■ Exercise aim ■
Reproduce every entry in the listing without alteration.

-------- Dataset excerpts --------

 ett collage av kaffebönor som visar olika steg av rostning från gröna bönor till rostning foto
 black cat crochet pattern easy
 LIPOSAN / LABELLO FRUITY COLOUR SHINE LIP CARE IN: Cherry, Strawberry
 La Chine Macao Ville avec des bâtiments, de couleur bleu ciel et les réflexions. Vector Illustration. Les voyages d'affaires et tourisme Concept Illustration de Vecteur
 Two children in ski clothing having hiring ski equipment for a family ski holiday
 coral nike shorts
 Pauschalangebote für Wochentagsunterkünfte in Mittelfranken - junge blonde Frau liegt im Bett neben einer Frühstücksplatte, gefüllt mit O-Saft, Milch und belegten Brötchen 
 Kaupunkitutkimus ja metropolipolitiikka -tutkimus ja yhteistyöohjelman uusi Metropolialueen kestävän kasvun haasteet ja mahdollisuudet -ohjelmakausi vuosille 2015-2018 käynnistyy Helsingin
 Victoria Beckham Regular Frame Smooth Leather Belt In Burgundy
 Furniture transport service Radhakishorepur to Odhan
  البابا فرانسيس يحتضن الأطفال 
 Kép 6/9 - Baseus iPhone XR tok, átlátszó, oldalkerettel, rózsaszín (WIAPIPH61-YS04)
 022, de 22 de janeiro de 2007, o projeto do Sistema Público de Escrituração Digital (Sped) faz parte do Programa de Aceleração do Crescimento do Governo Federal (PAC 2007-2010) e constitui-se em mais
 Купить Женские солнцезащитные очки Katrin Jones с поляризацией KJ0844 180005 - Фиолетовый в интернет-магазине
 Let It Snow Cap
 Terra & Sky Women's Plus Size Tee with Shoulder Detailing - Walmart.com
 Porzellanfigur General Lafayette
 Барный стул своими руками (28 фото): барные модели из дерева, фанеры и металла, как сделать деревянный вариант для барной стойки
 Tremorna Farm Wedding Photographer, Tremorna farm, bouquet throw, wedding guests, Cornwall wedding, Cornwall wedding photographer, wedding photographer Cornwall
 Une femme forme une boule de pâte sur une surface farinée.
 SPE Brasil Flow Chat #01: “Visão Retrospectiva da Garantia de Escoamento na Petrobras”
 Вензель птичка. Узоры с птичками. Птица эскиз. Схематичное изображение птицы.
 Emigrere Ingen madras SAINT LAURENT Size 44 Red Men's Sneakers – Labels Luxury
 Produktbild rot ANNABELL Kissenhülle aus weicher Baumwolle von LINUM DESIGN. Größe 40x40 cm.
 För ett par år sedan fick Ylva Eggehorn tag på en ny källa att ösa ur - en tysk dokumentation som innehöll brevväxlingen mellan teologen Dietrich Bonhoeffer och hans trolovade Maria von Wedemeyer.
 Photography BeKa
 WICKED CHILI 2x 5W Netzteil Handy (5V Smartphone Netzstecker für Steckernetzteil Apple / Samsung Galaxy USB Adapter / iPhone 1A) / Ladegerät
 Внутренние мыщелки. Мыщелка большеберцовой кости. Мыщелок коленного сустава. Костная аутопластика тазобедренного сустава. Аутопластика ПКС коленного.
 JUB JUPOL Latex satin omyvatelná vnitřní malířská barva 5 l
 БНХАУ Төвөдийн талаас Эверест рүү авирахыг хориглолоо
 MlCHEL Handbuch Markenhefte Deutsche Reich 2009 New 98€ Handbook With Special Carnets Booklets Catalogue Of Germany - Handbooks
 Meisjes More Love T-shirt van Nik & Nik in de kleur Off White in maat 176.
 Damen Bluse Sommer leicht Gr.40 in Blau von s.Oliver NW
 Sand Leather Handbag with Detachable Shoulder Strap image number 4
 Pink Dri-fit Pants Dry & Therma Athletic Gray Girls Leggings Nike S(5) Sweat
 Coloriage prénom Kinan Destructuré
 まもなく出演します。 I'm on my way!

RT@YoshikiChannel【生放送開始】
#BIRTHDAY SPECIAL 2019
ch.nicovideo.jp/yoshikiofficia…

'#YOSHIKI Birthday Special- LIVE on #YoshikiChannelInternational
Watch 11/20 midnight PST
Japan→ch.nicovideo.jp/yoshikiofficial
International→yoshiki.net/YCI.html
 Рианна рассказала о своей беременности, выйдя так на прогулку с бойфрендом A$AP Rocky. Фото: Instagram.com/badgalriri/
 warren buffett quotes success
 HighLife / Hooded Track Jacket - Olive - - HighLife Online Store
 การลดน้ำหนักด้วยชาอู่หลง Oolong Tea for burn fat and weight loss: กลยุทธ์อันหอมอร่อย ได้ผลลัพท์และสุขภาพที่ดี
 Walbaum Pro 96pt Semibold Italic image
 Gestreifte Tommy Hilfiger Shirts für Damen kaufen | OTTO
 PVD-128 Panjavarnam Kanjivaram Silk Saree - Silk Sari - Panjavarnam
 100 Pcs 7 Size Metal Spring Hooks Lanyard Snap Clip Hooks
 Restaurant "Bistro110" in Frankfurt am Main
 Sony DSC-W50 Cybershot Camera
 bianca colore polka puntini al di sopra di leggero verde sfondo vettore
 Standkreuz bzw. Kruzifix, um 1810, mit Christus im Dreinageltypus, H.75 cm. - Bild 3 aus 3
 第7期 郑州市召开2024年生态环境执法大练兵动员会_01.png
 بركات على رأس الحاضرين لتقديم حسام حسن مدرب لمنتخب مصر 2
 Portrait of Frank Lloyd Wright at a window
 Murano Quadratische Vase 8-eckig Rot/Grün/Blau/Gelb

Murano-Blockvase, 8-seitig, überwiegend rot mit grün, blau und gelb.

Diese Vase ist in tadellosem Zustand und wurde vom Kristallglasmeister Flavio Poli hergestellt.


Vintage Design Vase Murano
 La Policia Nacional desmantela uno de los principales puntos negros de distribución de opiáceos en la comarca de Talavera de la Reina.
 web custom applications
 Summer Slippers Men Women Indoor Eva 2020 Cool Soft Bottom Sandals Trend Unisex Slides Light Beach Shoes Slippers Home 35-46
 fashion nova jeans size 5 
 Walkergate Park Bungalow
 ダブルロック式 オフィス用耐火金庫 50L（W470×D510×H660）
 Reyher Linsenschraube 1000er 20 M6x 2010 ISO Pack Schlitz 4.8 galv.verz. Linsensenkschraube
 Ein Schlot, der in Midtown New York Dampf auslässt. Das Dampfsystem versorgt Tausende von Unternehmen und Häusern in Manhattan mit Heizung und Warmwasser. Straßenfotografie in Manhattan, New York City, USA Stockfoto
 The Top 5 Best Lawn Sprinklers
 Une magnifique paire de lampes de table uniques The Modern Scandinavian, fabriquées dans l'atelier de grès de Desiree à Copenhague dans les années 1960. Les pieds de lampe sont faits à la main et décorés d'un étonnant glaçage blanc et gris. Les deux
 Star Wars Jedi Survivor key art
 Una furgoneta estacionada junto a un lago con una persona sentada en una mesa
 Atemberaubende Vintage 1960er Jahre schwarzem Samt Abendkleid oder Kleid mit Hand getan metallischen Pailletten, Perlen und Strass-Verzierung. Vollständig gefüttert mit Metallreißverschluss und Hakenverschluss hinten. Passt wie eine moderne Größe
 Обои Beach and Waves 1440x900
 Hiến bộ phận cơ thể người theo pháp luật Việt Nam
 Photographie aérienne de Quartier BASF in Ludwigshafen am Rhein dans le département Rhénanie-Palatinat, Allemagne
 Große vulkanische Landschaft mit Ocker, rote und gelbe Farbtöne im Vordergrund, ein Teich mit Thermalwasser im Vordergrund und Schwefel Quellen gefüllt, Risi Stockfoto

--------

■ Answer for this exercise ■
 ett collage av kaffebönor som visar olika steg av rostning från gröna bönor till rostning foto
 black cat crochet pattern easy
 LIPOSAN / LABELLO FRUITY COLOUR SHINE LIP CARE IN: Cherry, Strawberry
 La Chine Macao Ville avec des bâtiments, de couleur bleu ciel et les réflexions. Vector Illustration. Les voyages d'affaires et tourisme Concept Illustration de Vecteur
 Two children in ski clothing having hiring ski equipment for a family ski holiday
 coral nike shorts
 Pauschalangebote für Wochentagsunterkünfte in Mittelfranken - junge blonde Frau liegt im Bett neben einer Frühstücksplatte, gefüllt mit O-Saft, Milch und belegten Brötchen 
 Kaupunkitutkimus ja metropolipolitiikka -tutkimus ja yhteistyöohjelman uusi Metropolialueen kestävän kasvun haasteet ja mahdollisuudet -ohjelmakausi vuosille 2015-2018 käynnistyy Helsingin
 Victoria Beckham Regular Frame Smooth Leather Belt In Burgundy
 Furniture transport service Radhakishorepur to Odhan
  البابا فرانسيس يحتضن الأطفال 
 Kép 6/9 - Baseus iPhone XR tok, átlátszó, oldalkerettel, rózsaszín (WIAPIPH61-YS04)
 022, de 22 de janeiro de 2007, o projeto do Sistema Público de Escrituração Digital (Sped) faz parte do Programa de Aceleração do Crescimento do Governo Federal (PAC 2007-2010) e constitui-se em mais
 Купить Женские солнцезащитные очки Katrin Jones с поляризацией KJ0844 180005 - Фиолетовый в интернет-магазине
 Let It Snow Cap
 Terra & Sky Women's Plus Size Tee with Shoulder Detailing - Walmart.com
 Porzellanfigur General Lafayette
 Барный стул своими руками (28 фото): барные модели из дерева, фанеры и металла, как сделать деревянный вариант для барной стойки
 Tremorna Farm Wedding Photographer, Tremorna farm, bouquet throw, wedding guests, Cornwall wedding, Cornwall wedding photographer, wedding photographer Cornwall
 Une femme forme une boule de pâte sur une surface farinée.
 SPE Brasil Flow Chat #01: “Visão Retrospectiva da Garantia de Escoamento na Petrobras”
 Вензель птичка. Узоры с птичками. Птица эскиз. Схематичное изображение птицы.
 Emigrere Ingen madras SAINT LAURENT Size 44 Red Men's Sneakers – Labels Luxury
 Produktbild rot ANNABELL Kissenhülle aus weicher Baumwolle von LINUM DESIGN. Größe 40x40 cm.
 För ett par år sedan fick Ylva Eggehorn tag på en ny källa att ösa ur - en tysk dokumentation som innehöll brevväxlingen mellan teologen Dietrich Bonhoeffer och hans trolovade Maria von Wedemeyer.
 Photography BeKa
 WICKED CHILI 2x 5W Netzteil Handy (5V Smartphone Netzstecker für Steckernetzteil Apple / Samsung Galaxy USB Adapter / iPhone 1A) / Ladegerät
 Внутренние мыщелки. Мыщелка большеберцовой кости. Мыщелок коленного сустава. Костная аутопластика тазобедренного сустава. Аутопластика ПКС коленного.
 JUB JUPOL Latex satin omyvatelná vnitřní malířská barva 5 l
 БНХАУ Төвөдийн талаас Эверест рүү авирахыг хориглолоо
 MlCHEL Handbuch Markenhefte Deutsche Reich 2009 New 98€ Handbook With Special Carnets Booklets Catalogue Of Germany - Handbooks
 Meisjes More Love T-shirt van Nik & Nik in de kleur Off White in maat 176.
 Damen Bluse Sommer leicht Gr.40 in Blau von s.Oliver NW
 Sand Leather Handbag with Detachable Shoulder Strap image number 4
 Pink Dri-fit Pants Dry & Therma Athletic Gray Girls Leggings Nike S(5) Sweat
 Coloriage prénom Kinan Destructuré
 まもなく出演します。 I'm on my way!

RT@YoshikiChannel【生放送開始】
#BIRTHDAY SPECIAL 2019
ch.nicovideo.jp/yoshikiofficia…

'#YOSHIKI Birthday Special- LIVE on #YoshikiChannelInternational
Watch 11/20 midnight PST
Japan→ch.nicovideo.jp/yoshikiofficial
International→yoshiki.net/YCI.html
 Рианна рассказала о своей беременности, выйдя так на прогулку с бойфрендом A$AP Rocky. Фото: Instagram.com/badgalriri/
 warren buffett quotes success
 HighLife / Hooded Track Jacket - Olive - - HighLife Online Store
 การลดน้ำหนักด้วยชาอู่หลง Oolong Tea for burn fat and weight loss: กลยุทธ์อันหอมอร่อย ได้ผลลัพท์และสุขภาพที่ดี
 Walbaum Pro 96pt Semibold Italic image
 Gestreifte Tommy Hilfiger Shirts für Damen kaufen | OTTO
 PVD-128 Panjavarnam Kanjivaram Silk Saree - Silk Sari - Panjavarnam
 100 Pcs 7 Size Metal Spring Hooks Lanyard Snap Clip Hooks
 Restaurant "Bistro110" in Frankfurt am Main
 Sony DSC-W50 Cybershot Camera
 bianca colore polka puntini al di sopra di leggero verde sfondo vettore
 Standkreuz bzw. Kruzifix, um 1810, mit Christus im Dreinageltypus, H.75 cm. - Bild 3 aus 3
 第7期 郑州市召开2024年生态环境执法大练兵动员会_01.png
 بركات على رأس الحاضرين لتقديم حسام حسن مدرب لمنتخب مصر 2
 Portrait of Frank Lloyd Wright at a window
 Murano Quadratische Vase 8-eckig Rot/Grün/Blau/Gelb

Murano-Blockvase, 8-seitig, überwiegend rot mit grün, blau und gelb.

Diese Vase ist in tadellosem Zustand und wurde vom Kristallglasmeister Flavio Poli hergestellt.


Vintage Design Vase Murano
 La Policia Nacional desmantela uno de los principales puntos negros de distribución de opiáceos en la comarca de Talavera de la Reina.
 web custom applications
 Summer Slippers Men Women Indoor Eva 2020 Cool Soft Bottom Sandals Trend Unisex Slides Light Beach Shoes Slippers Home 35-46
 fashion nova jeans size 5 
 Walkergate Park Bungalow
 ダブルロック式 オフィス用耐火金庫 50L（W470×D510×H660）
 Reyher Linsenschraube 1000er 20 M6x 2010 ISO Pack Schlitz 4.8 galv.verz. Linsensenkschraube
 Ein Schlot, der in Midtown New York Dampf auslässt. Das Dampfsystem versorgt Tausende von Unternehmen und Häusern in Manhattan mit Heizung und Warmwasser. Straßenfotografie in Manhattan, New York City, USA Stockfoto
 The Top 5 Best Lawn Sprinklers
 Une magnifique paire de lampes de table uniques The Modern Scandinavian, fabriquées dans l'atelier de grès de Desiree à Copenhague dans les années 1960. Les pieds de lampe sont faits à la main et décorés d'un étonnant glaçage blanc et gris. Les deux
 Star Wars Jedi Survivor key art
 Una furgoneta estacionada junto a un lago con una persona sentada en una mesa
 Atemberaubende Vintage 1960er Jahre schwarzem Samt Abendkleid oder Kleid mit Hand getan metallischen Pailletten, Perlen und Strass-Verzierung. Vollständig gefüttert mit Metallreißverschluss und Hakenverschluss hinten. Passt wie eine moderne Größe
 Обои Beach and Waves 1440x900
 Hiến bộ phận cơ thể người theo pháp luật Việt Nam
 Photographie aérienne de Quartier BASF in Ludwigshafen am Rhein dans le département Rhénanie-Palatinat, Allemagne
 Große vulkanische Landschaft mit Ocker, rote und gelbe Farbtöne im Vordergrund, ein Teich mit Thermalwasser im Vordergrund und Schwefel Quellen gefüllt, Risi Stockfoto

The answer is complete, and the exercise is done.